Representative Chris Mathias, D-Boise, the bill’s origins sponsor, remarked that, “For each incident, it would bring us confidence that the districts were providing important pieces of information to all the parties involved: the bully, the bully’s parents, the bullied, the bullied’s parents. And specifically that they would be receiving, to quote from the bill, ‘parental empowerment materials, including suicide prevention resources and information on methods to limit students access to means of harm to self and others.'”

Given all this, you might think the anti-bullying bill – which really wasn’t exactly a powerhouse, requiring not much more than notification – would be a slam dunk.

But it failed on the House floor, 32-38; most of the House Republican leadership voted against it. You can see the vote breakdown at https://legislature.idaho.gov/sessioninfo/2024/legislation/H0539/.) Getting at “why” leads to a better and more subtle understanding of what motivates the Idaho Legislature’s majority.

It certainly has nothing to do with the supposed concerns of Representative Bruce Skaug, R-Nampa, who talked about, “The poor principal [who] is going to get this ‘Oh one more thing I have to report’.” This is beyond ridiculous: This is a legislature that has poured on the culture war requirements, year after year, decade after decade, when it comes to public schools.

They’re happy to have the parents weigh in on subjects – like those a few paragraphs back – where they suspect the parents (or at least the squeaky-wheel parents) will side with the legislative majority’s viewpoint.

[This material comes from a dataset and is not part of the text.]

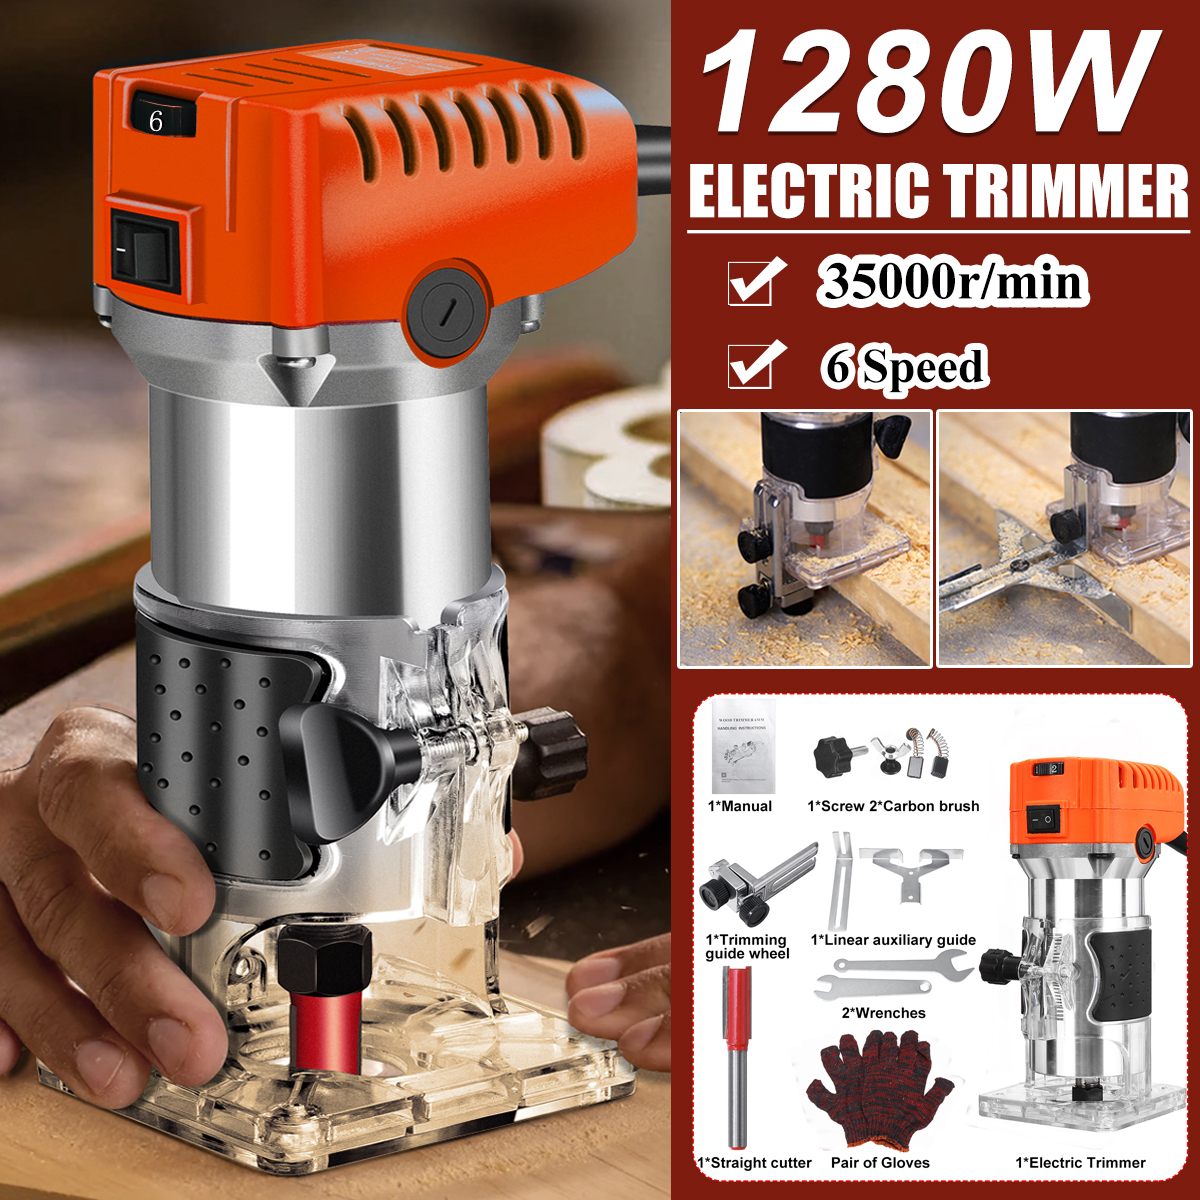 1280W-Wood-Palm-Router-Tool-Hand-Edge-Trimmer-WoodWorking-Joiner-Cutting-Palmming-Tool-6-Speeds-3500-1937521-1

And what is the legislature’s opinion on bullying?

You can’t indict all 105 of them. In the House, 32 (Republicans among them) voted in favor of the bullying notification bill, and there are surely more ayes in the Senate.

But for the operating majority, bullying is one of the facts of student life they’re not interested in discouraging.

Ponder for a moment what that says about the people who run the Idaho Legislature. Then think it over again.